The Pilot is the official newspaper of the Archdiocese of Boston and claims the title of "America's Oldest Catholic Newspaper", having been in continuous publication since its first issue on September 5, 1829.  Although the first Catholic newspaper in the United States, The United States Catholic Miscellany of Charleston, South Carolina, was founded seven years earlier in 1822, it ceased publication in 1861.

The paper was founded by Bishop Benedict Joseph Fenwick, the second bishop of Boston, at a time of increased Irish immigration to the United States and rising anti-Catholic animus to the newcomers' church. In its first edition, Bishop Fenwick wrote that the newspaper's purpose was to defend against the "crying calumnies and gross misrepresentations which in this section of the country have been so long, so unsparingly, so cruelly heaped upon the Church."

In 1834, Fenwick sold the publication to two laymen—Henry Devereux, the publisher, and Patrick Donahoe, an employee who quickly became the newspaper's sole proprietor.

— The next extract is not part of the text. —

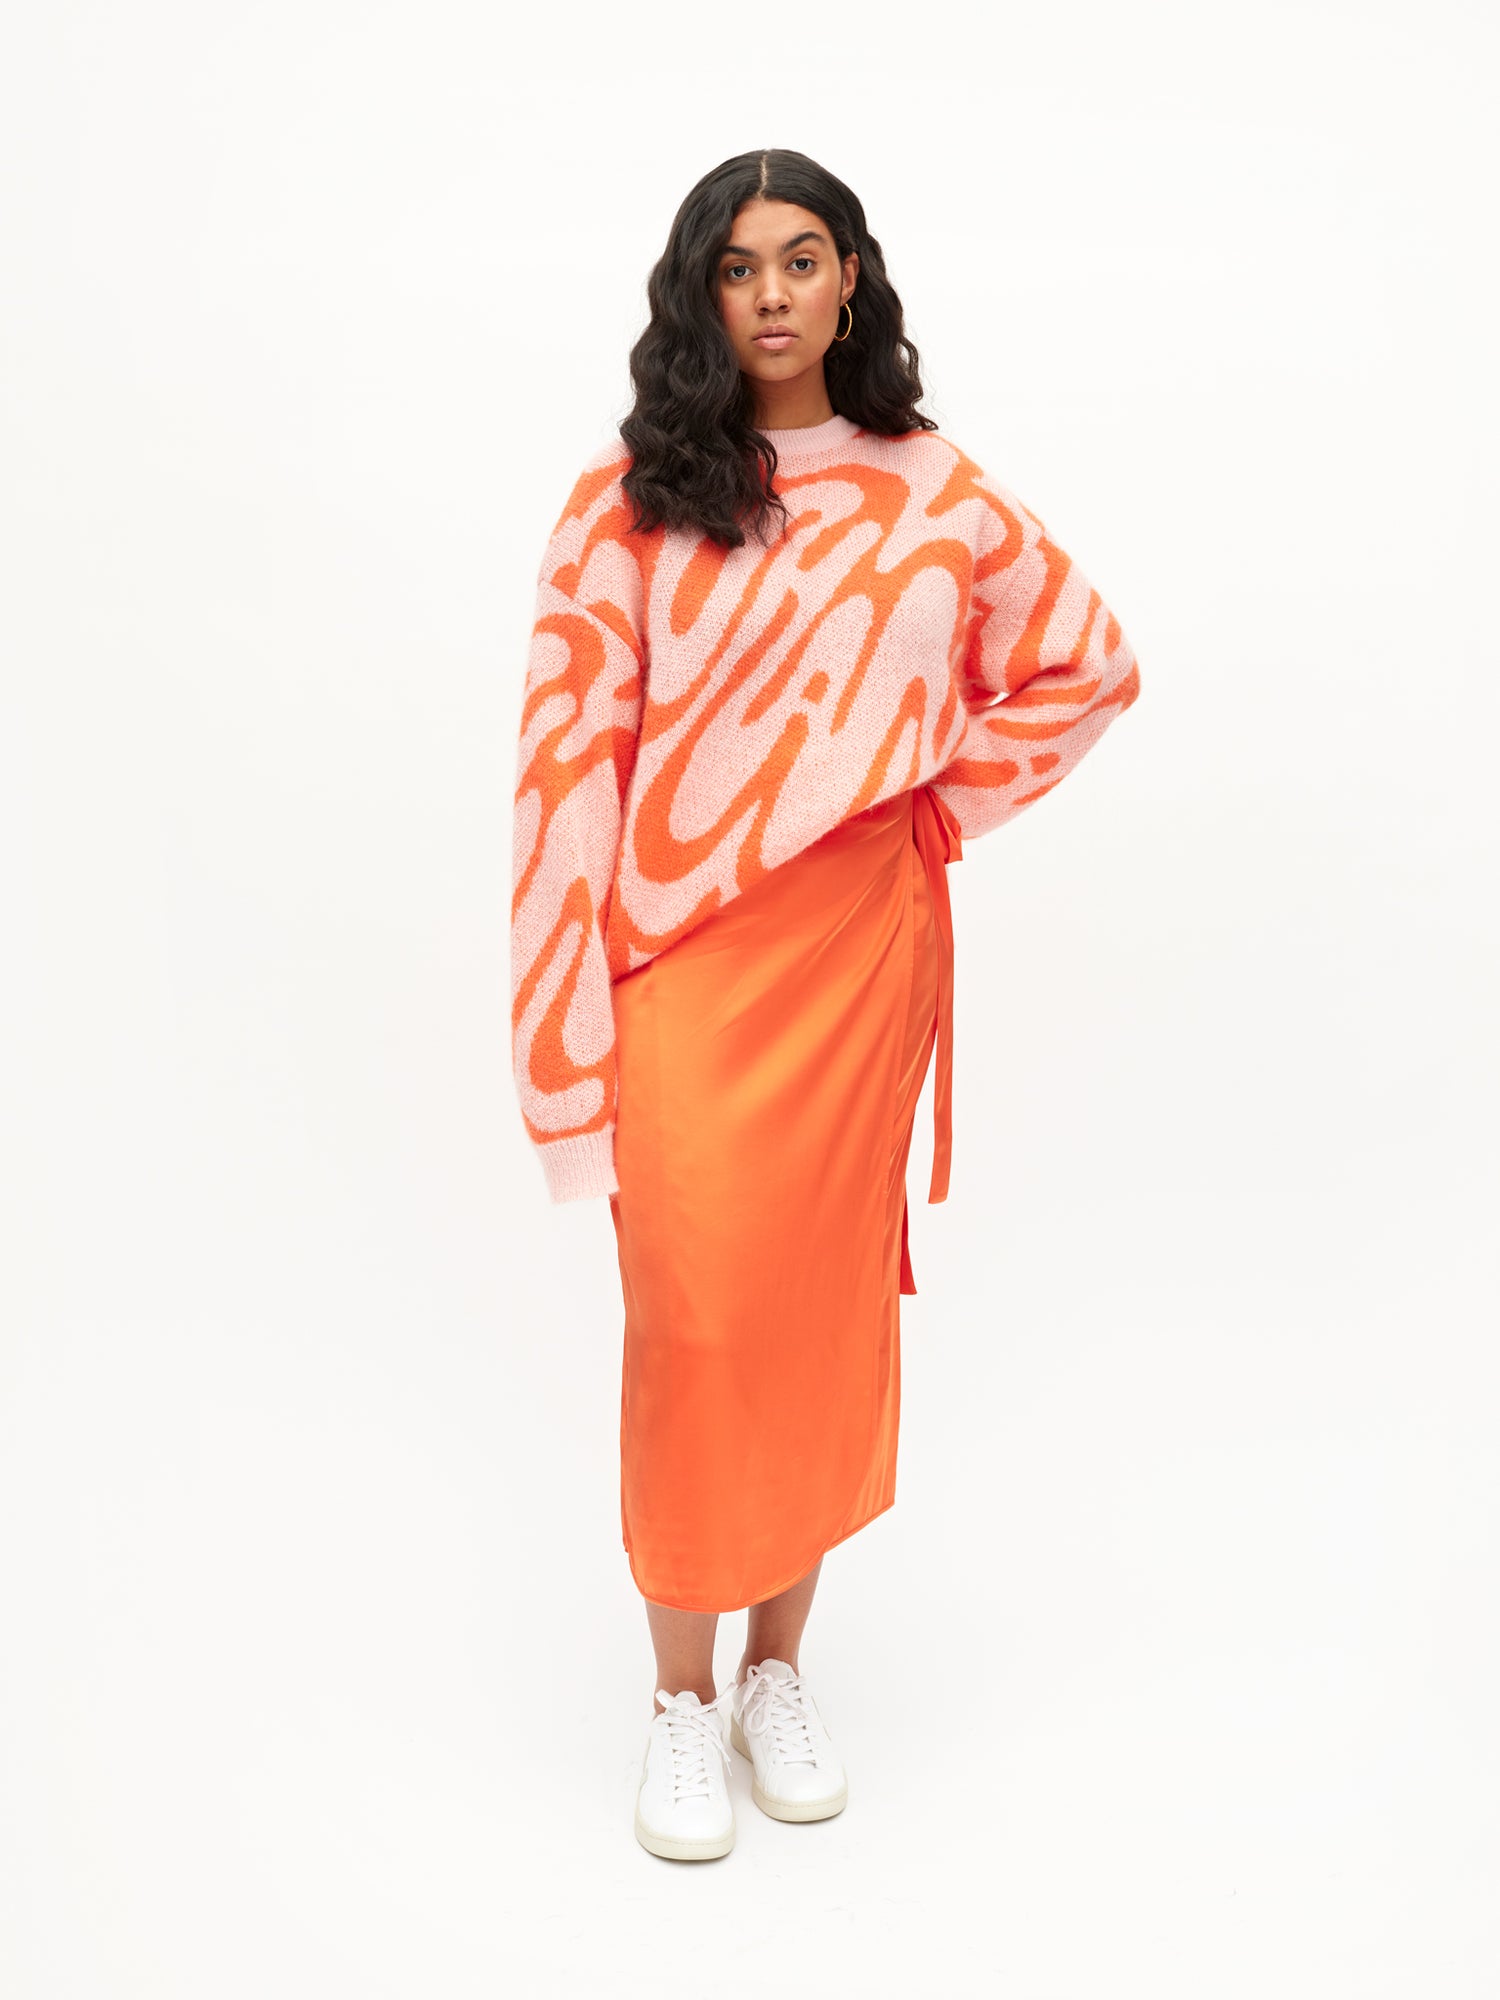 Uhana - Accept Jumper , Surreal & Pihla Skirt, Vibrant Orange2

In 1838, Donahoe became editor, and he maintained control of the newspaper until his death in 1891. During much of the 19th century, The Pilot acquired a reputation of being an Irish-American cultural newspaper.  The great majority of Boston's Catholics were originally immigrants from Ireland, with tens of thousands arriving during and after the Great Famine.  Notable editors linked to the movement for Irish independence include John Boyle O'Reilly, James Jeffrey Roche and Thomas D'Arcy McGee.

Archbishop William Henry O'Connell purchased the paper in 1908 and turned it into the official voice of Boston's archdiocese. He closely monitored its editorial policies and sought to promote its readership among local Catholic families. In 1979, The Pilot celebrated its 150th anniversary and featured special information about the newspaper's history. As of 2004, its circulation was of 23,039 printed copies.

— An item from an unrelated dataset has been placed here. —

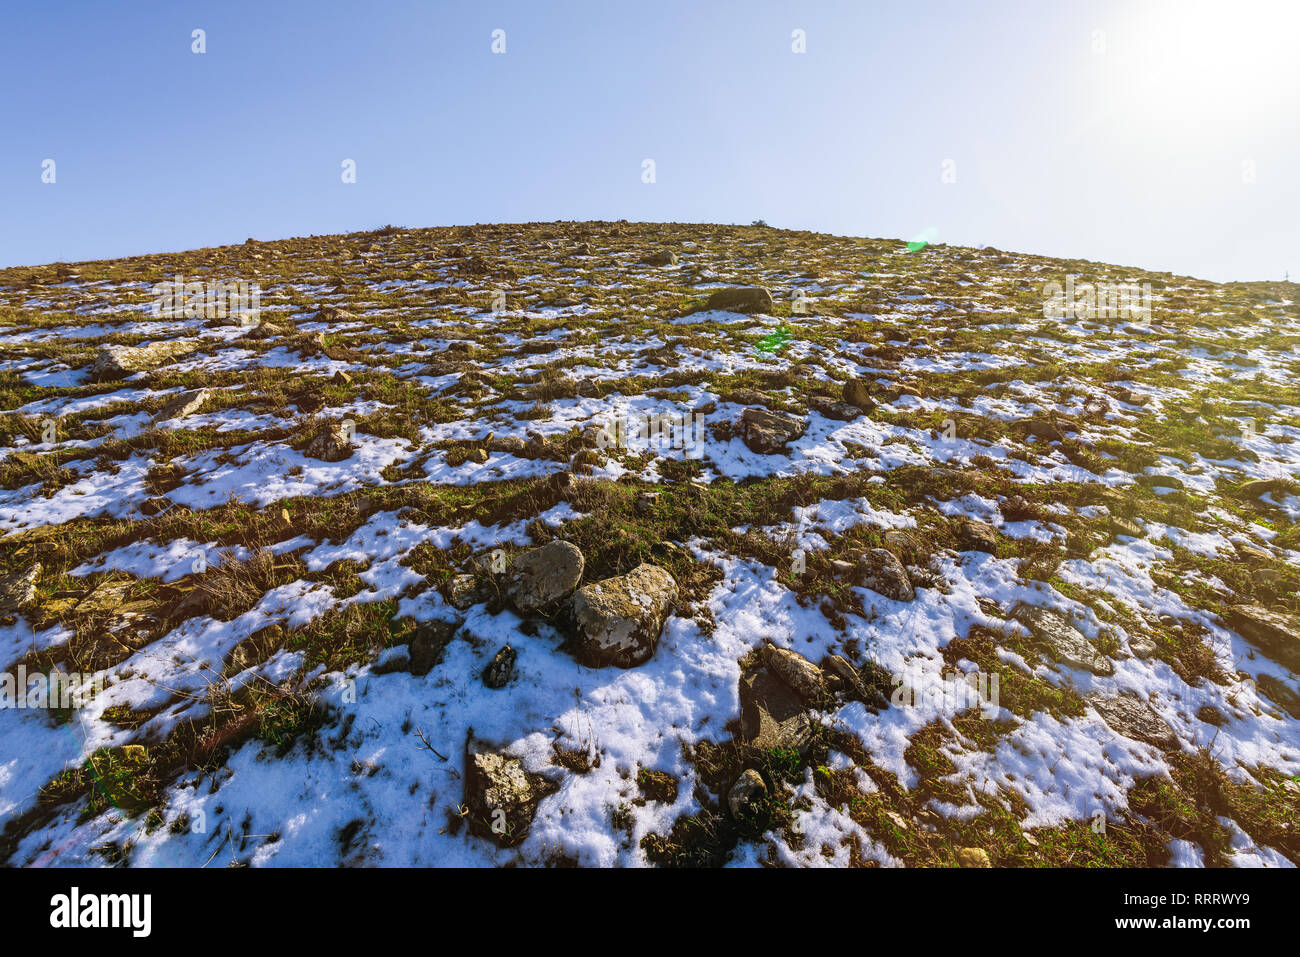 Snowy alpine Hügel mit spärlichem Gras Stockfoto

In 2006, the newspaper launched its online edition, TheBostonPilot.com, which offers expanded content and multimedia features.

Titles
Beginning as The Jesuit or Catholic Sentinel, the newspaper's name was changed several times in its first seven years. Titles included The Jesuit, The United States Catholic Intelligencer, and The Literary and Catholic Sentinel. By 1836, Patrick Donahoe changed the name of the newspaper to The Boston Pilot, partly in tribute to the Dublin Pilot.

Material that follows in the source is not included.